Personal Wealth Management / Market Analysis

Dividend Focus or Sector Skew

High dividend paying stocks aren’t a monolithic bloc.

With 2024 winding down, we have officially reached forecast season. That time of year when pundits assess not just how the broad market will likely do, but which corners of the market are likely to lead. We will, of course, share our view in the coming weeks, once we have dotted our Is and crossed our Ts. But in the meantime, we think it can be helpful to assess some of headlines’ claims not on whether they are right or wrong, but whether their underpinning is sound. In that vein, let us explore why calls for high-dividend stocks to lead have a shaky foundation.

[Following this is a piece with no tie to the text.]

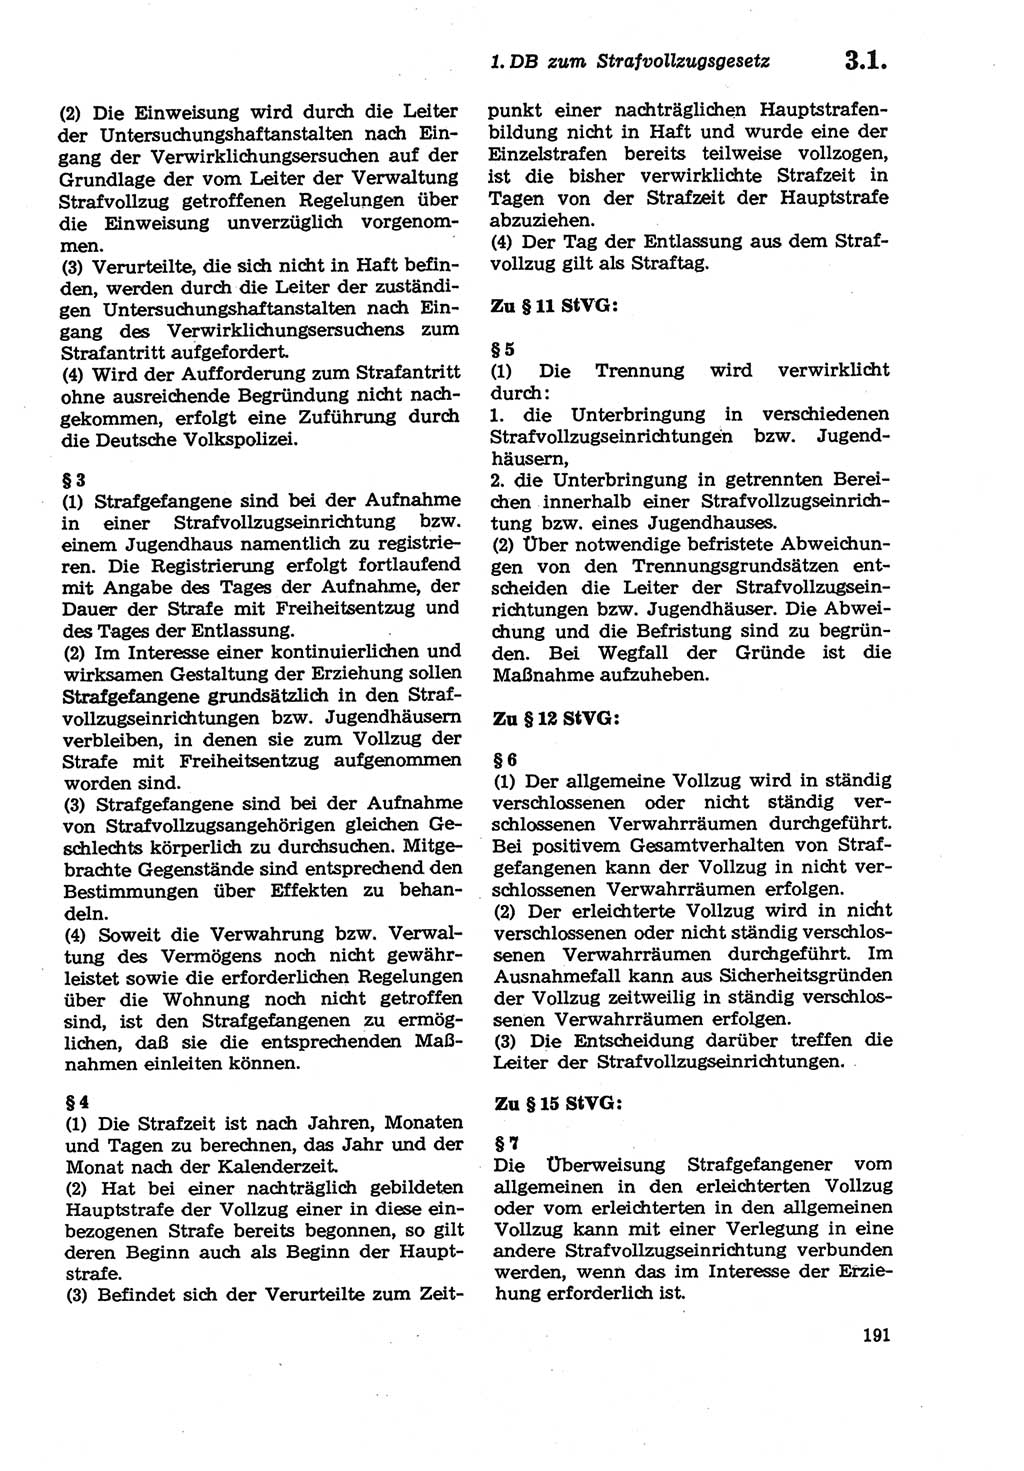 Strafprozeßordnung (StPO) der Deutschen Demokratischen Republik (DDR) sowie angrenzende Gesetze und Bestimmungen 1979, Seite 191 (StPO DDR Ges. Best. 1979, S. 191)
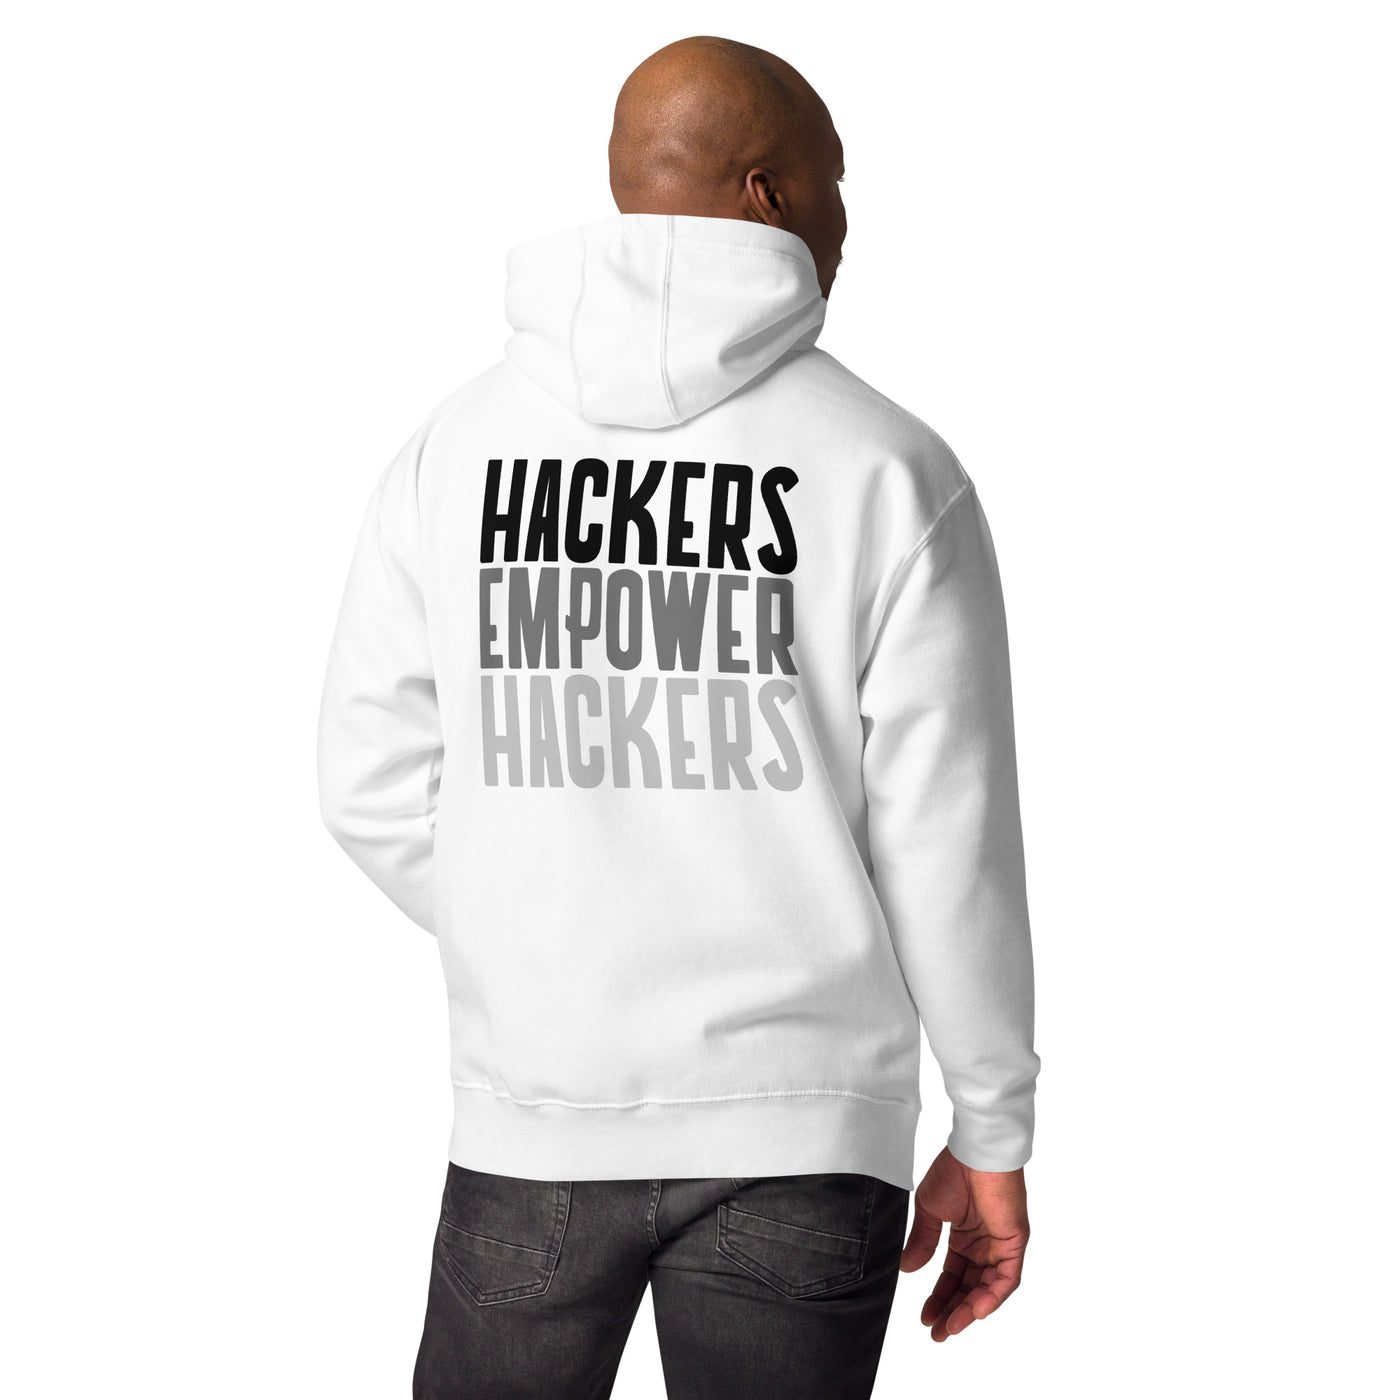 Hackers Empower Hackers - Unisex Hoodie ( Back Print )

The argument for dividend payers’ ascension largely amounts to claiming their leadership is due after a fallow stretch. Because they haven’t done so hot, it is time for them to be hot. Now, we award some points for the acknowledgment that leadership rotates and every category has its day in the sun as well as the rain, but nothing here is a timing tool. There is no preset amount or duration of category laggardship that makes leadership automatic. Shifts are irregular and, in our experience, often more of a gradual, three steps forward two steps back kind of thing. Not a switch markets flip decisively with a degree of predictability.

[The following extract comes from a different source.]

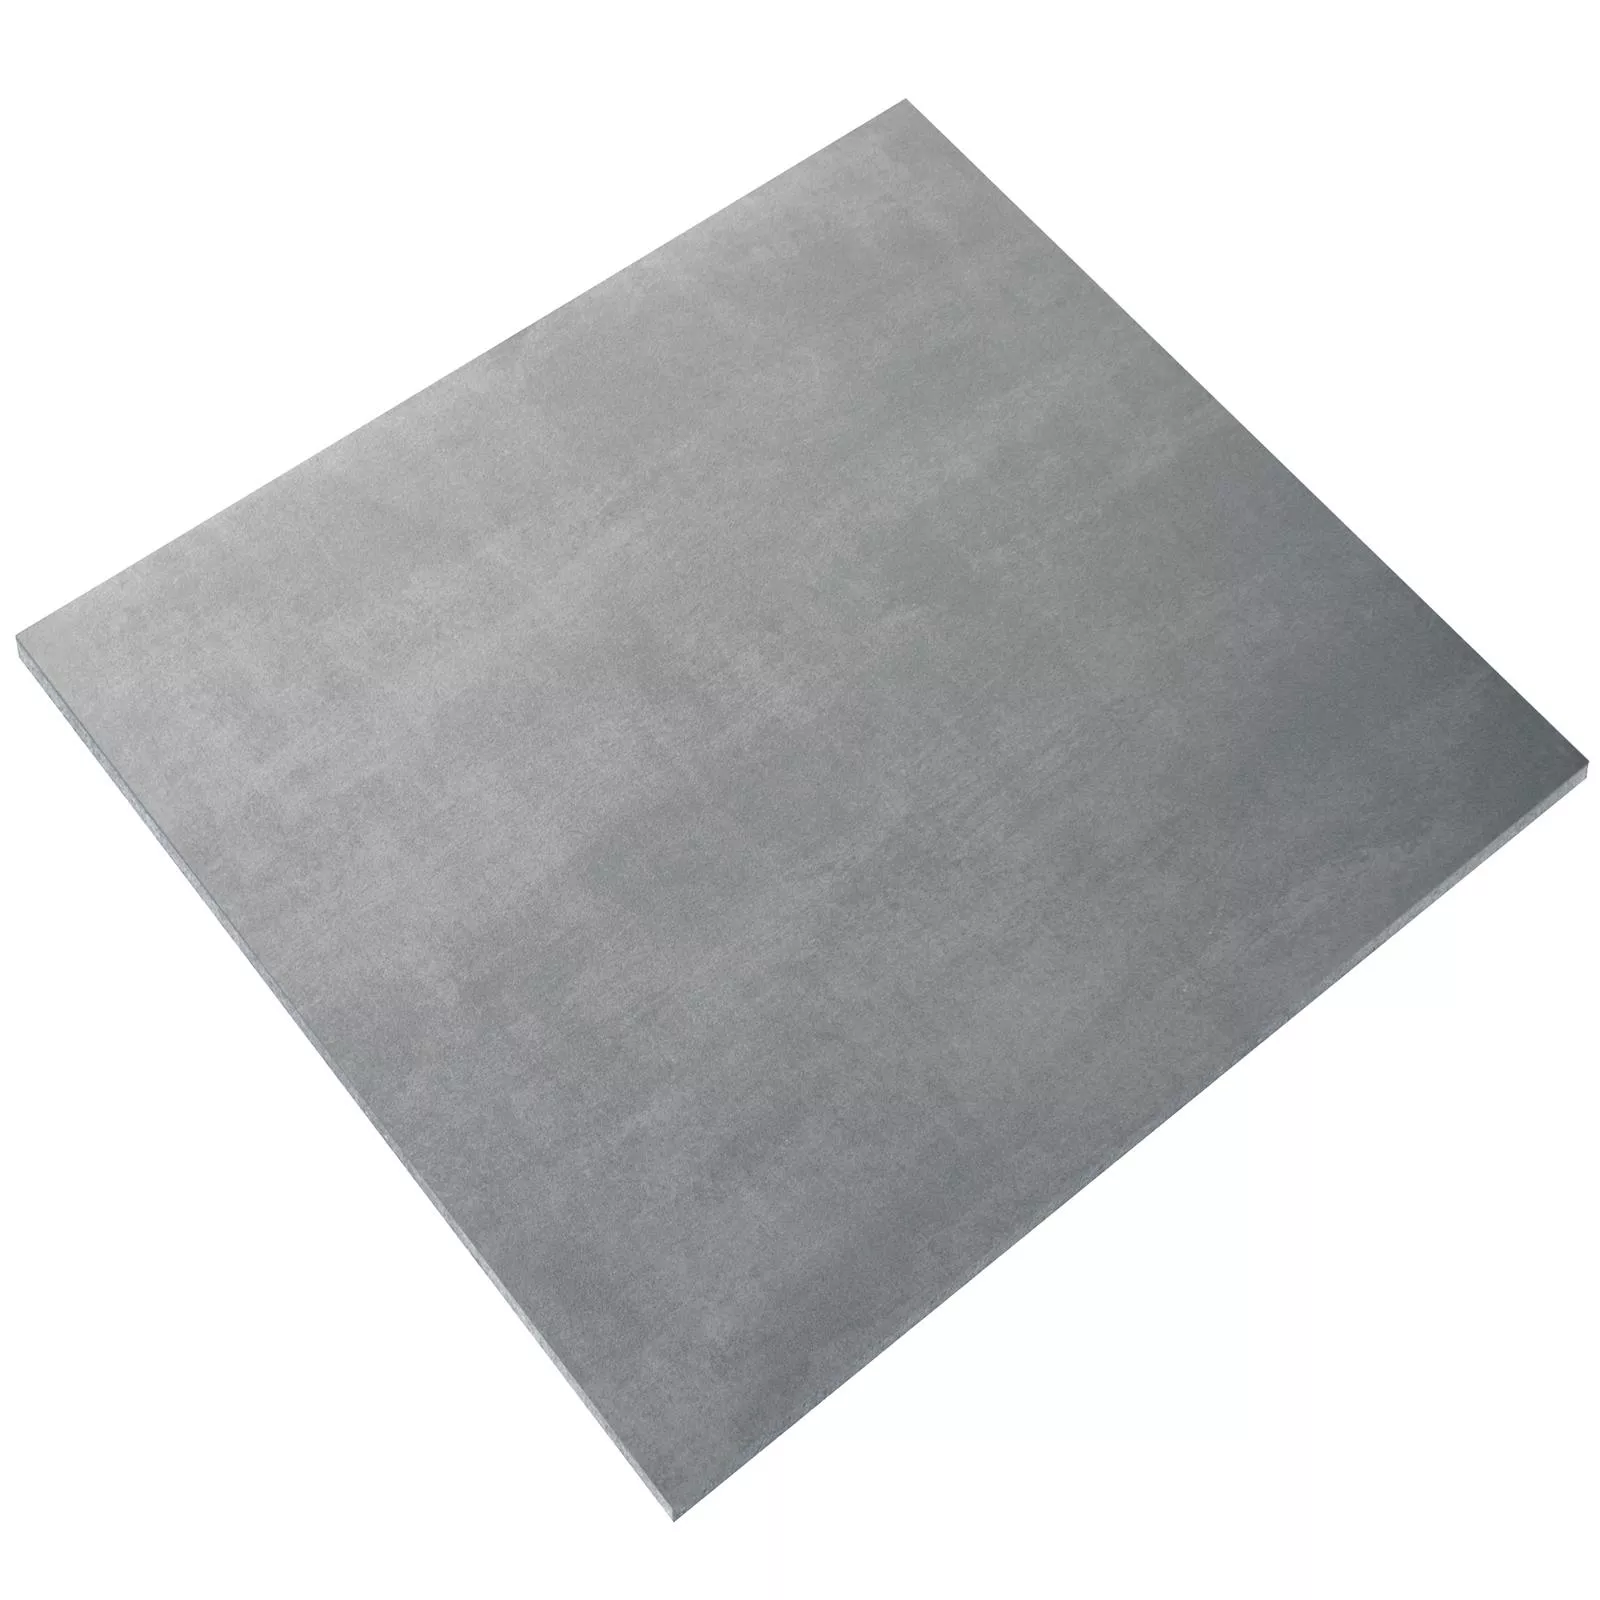 Sample Floor Tiles Beton Optic Noorvik Light Grey 60x60cm

Moreover, the performance comparisons underpinning this thesis strike us as suspect. One article making the rounds Tuesday compared year-to-date returns for the S&P 500 Index and the S&P 500 Dividend Aristocrats. The Dividend Aristocrats’ returns, to date, are a smidge less than half the S&P 500’s. Yet this isn’t exactly the fairest comparison. The Dividend Aristocrats index consists of “S&P 500 companies that have increased dividends every year for the last 25 consecutive years.”[i] That is a long horizon, and it doesn’t guarantee inclusion of today’s top dividend payers. It automatically excludes companies born this century, as well as companies that, for whatever reason, might have started paying dividends less than 25 years ago. Hence, it excludes all of the so-called Magnificent Seven stocks, even though several pay dividends. We aren’t quibbling with the inclusion criteria, but we don’t think it is quite fair to compare the two indexes and conclude dividend payers are getting left in the dust. Not when the blind spots are so glaring.

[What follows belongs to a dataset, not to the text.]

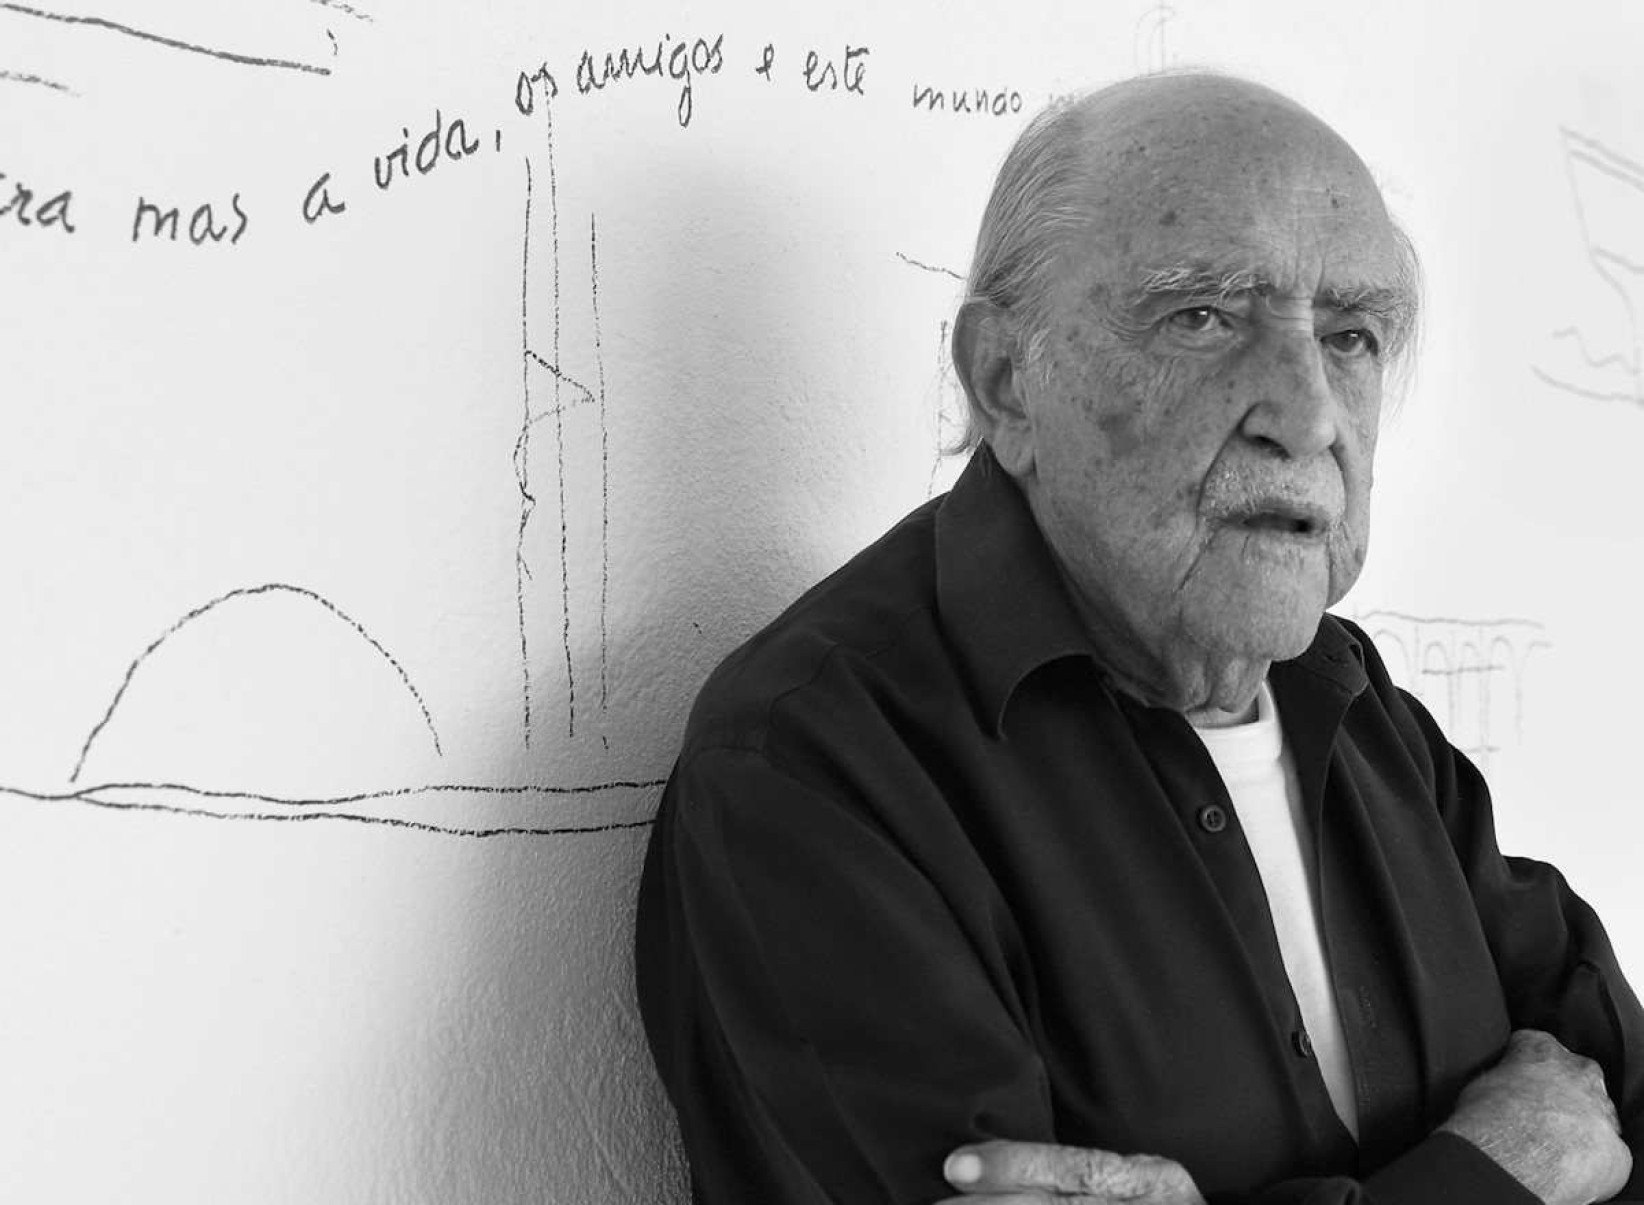 Galeria em São Paulo apresenta obras de Niemeyer da Brasília de 1964

Another problem: The S&P 500 is a market cap-weighted index, while the Dividend Aristocrats is equal-weighted. The former has about 500 companies, each weighted according to its market capitalization (total value of all outstanding shares) as a percentage of total index market cap. The latter has 66 companies, each with equal weighting. This, plus the inclusion criteria, creates some big sector-weight divergences. Tech represented 31.3% of the S&P 500 at November’s end.[ii] But in the Dividend Aristocrats, it was just 3.1%—two companies.[iii] Communication Services, home to some former Tech firms, has no presence. Consumer Staples and Industrials comprise nearly half the Dividend Aristocrats but just 14.4% of the S&P 500.[iv] We have a strong hunch that the Dividend Aristocrats’ underperformance is more about sector and style than rampant anti-dividend sentiment.

Yes, even the market-cap weighted MSCI USA High Dividend Yield Index has lagged the MSCI USA—a fairer comparison.[v] But the universe of high-dividend stocks still is far smaller and the sector weights differ markedly.  

Which brings us to our last point. High dividend payers tend to concentrate in certain sectors. Consumer Staples and Industrials, as well as Financials and Health Care. These sectors aren’t a monolithic bloc, and they will lead and lag one another at times. In our view, it is less about whether “high dividend” stocks do well than whether the sectors themselves are poised to lead or lag for clear, fundamental reasons—not just hope that investors will suddenly start bidding dividend payers higher.

And this is all before we get to the flaws inherent in chasing dividends for their yield alone. So may we offer a suggestion? Instead of viewing dividend payers as a bloc, recognize that while they concentrate most in certain sectors, they kind of run the gamut. Some sectors’ performance drivers will depend more on their dividend yield. Utilities comes to mind, for example. So does Real Estate, with its heavy REIT exposure. Both are interest rate-sensitive, in large part because of their cash payouts (but also because both tend to be quite leveraged). But in other categories, the dividend is just one factor in an overall value bent, and relative returns depend more on whether markets prefer companies gunning for long-term growth. Point being, it is all deeper and more complicated than whether Widgets ‘R’ Us pays a dividend.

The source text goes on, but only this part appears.